Pygmalion at The Abbey Theatre

By Kevin Donnellan.

On paper Pygmalion in the Abbey is as safe a bet as you can have these days in theatre. A much loved text written by one of Ireland’s most renowned writers and performed for the first time in Ireland’s most illustrious venue. This isn’t one to get the bean-counters quivering in fear on opening night.

It’s only on seeing the actual production that you realise how wrong it could have gone…and how much of a triumph it actually is. Firstly there’s the casting. Henry Higgins and Eliza Doolittle could both be disastrous in the wrong hands. Higgins could be too aloof, too arrogant. Risteárd Cooper as Higgins is perfect. From the first time he opens his mouth he is completely believable; arrogant but strangely likeable, blunt but not nasty (well not too nasty). For someone who has spent the best part of the last 15 years being Bill O’Herlihy’s surreal alter ego in Aprés Match it’s some achievement. Not because he’s not a fine actor anyway, but because preventing us eegits in the audience thinking ‘okey-doke’ whenever we see him should have been an insurmountable task. But he pulls off the clipped vowel and the ‘dear boys’ of an English gentleman to perfection. His comic timing is put to good use. All of Higgins’ countless good lines are nailed; getting the laughing without ever asking for it. Higgins must be likeable for the play to work but Shaw didn’t make it easy for his actors. Cooper rises to the occasion.
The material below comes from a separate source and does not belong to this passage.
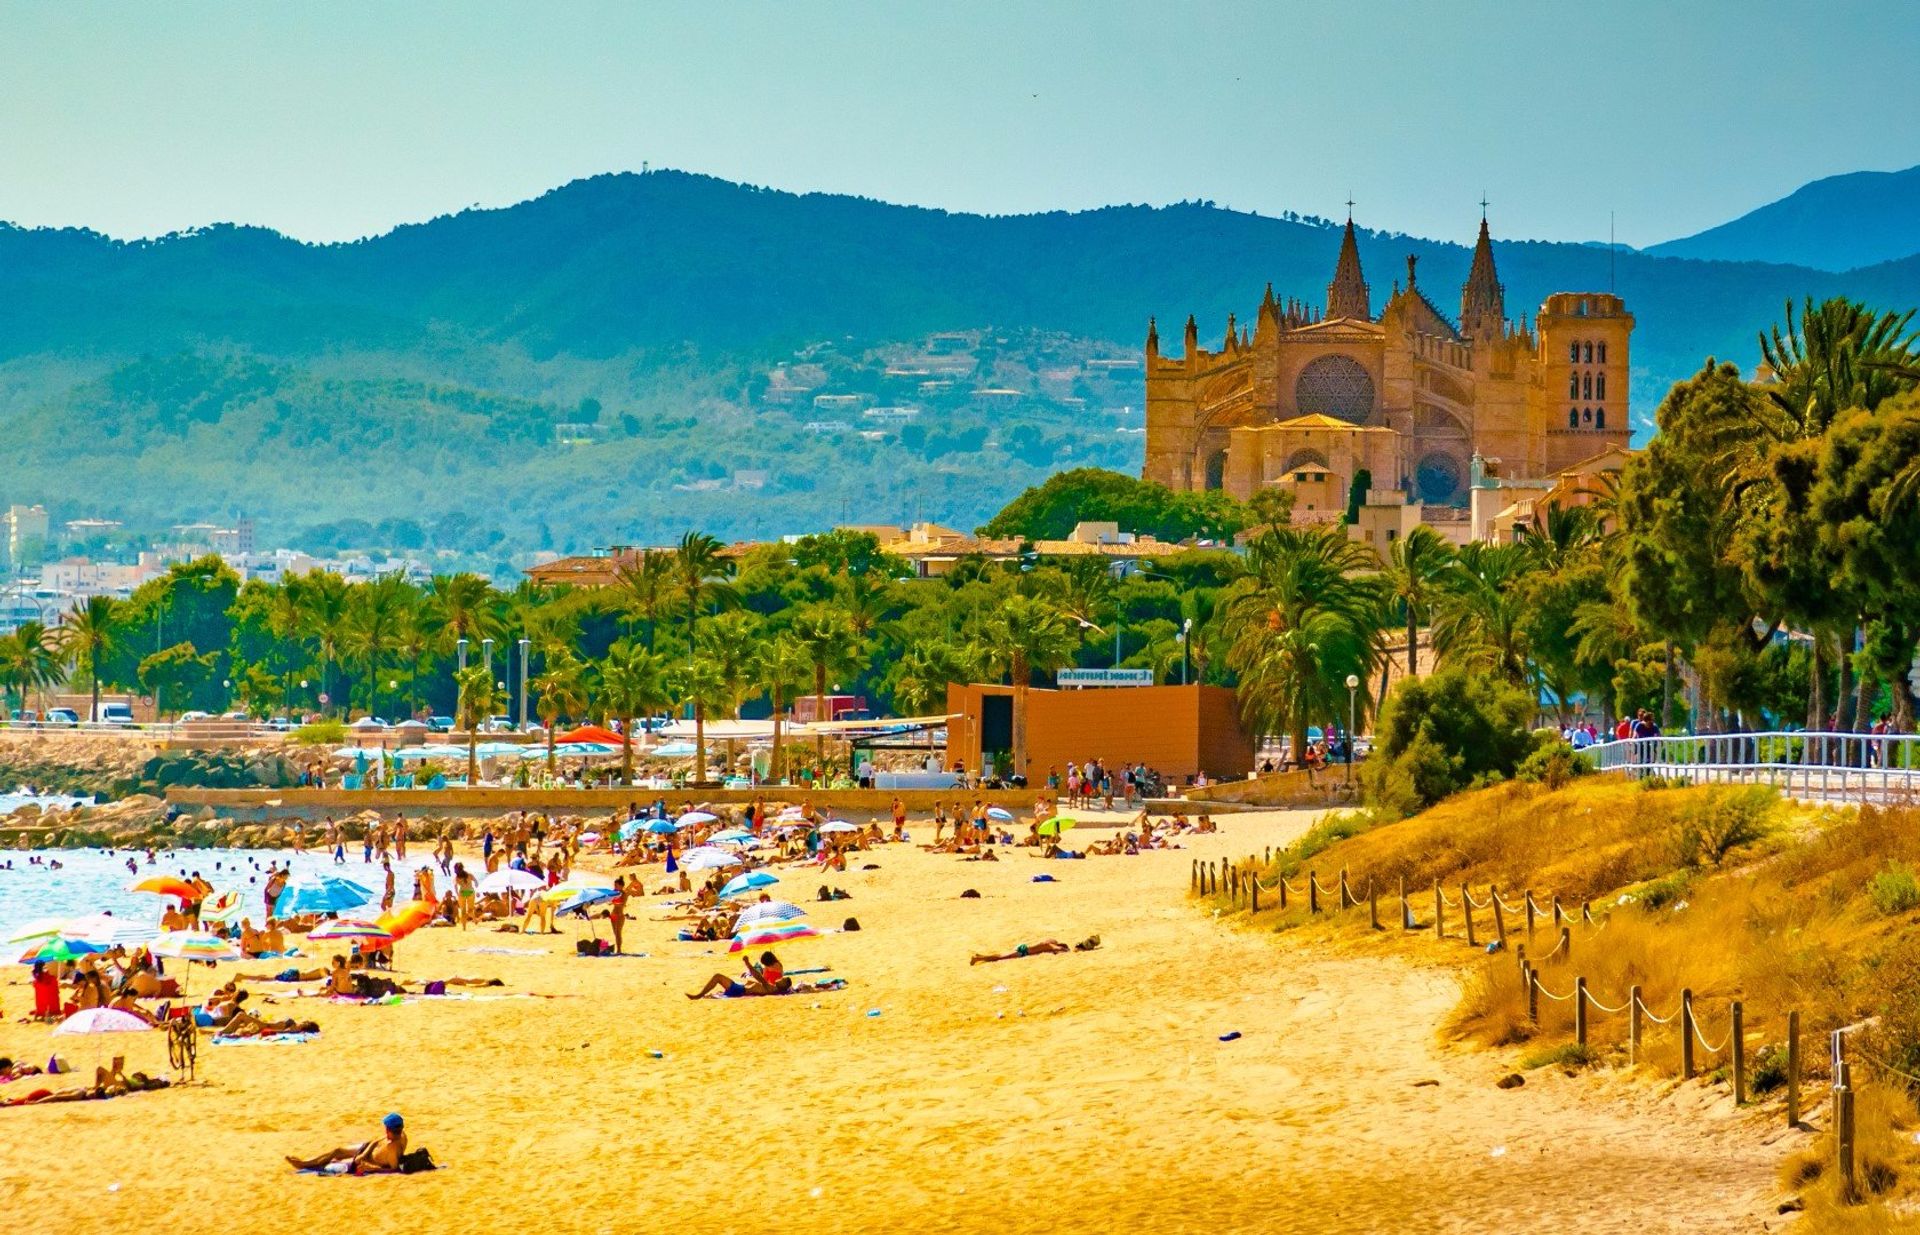 Sand, sea and the beautiful La Seu cathedral in the heart of Palma

Then there’s is Eliza Doolittle. Where Higgins could be cold and uncaring Doolittle can be shrill or needy. Again, there are plenty of ways she could lose the audiences sympathy. Charlie Murphy strikes the right balance however. At times her voice goes through you. At times you wish she’d shut up. But when we get to the final scene you are rooting for her. That’s as it should be.

The rest of the cast give admirable support, but it’s the set itself that is the best supporting actor. There are plenty of productions where sparse is the watch word when it comes to the set, but that wouldn’t suit Pygmalion. Here it’s lavishly (and ingeniously) designed. You’re mind can wander from the text at times as you survey the contents of bookcases or the items on a desk. The music is restrained but effective, a few humming strings here and there and one beautiful piano solo from Séan Óg Boylan.

The text of the play is treated reverentially (to my glance-over-the-play-in-Easons eye) and does lead to a slight fly in the ointment. It seems to take forever to settle on the ‘bet’ in act two and Doolittle and Higgins’ climatic argument goes round in circles somewhat. Maybe it’s sacrilege to say but a trimming of a few lines might have helped. But that’s a minor complaint about a great production. It took 99 years for Pygmalion to reach the Abbey and it seems to have been worth the wait.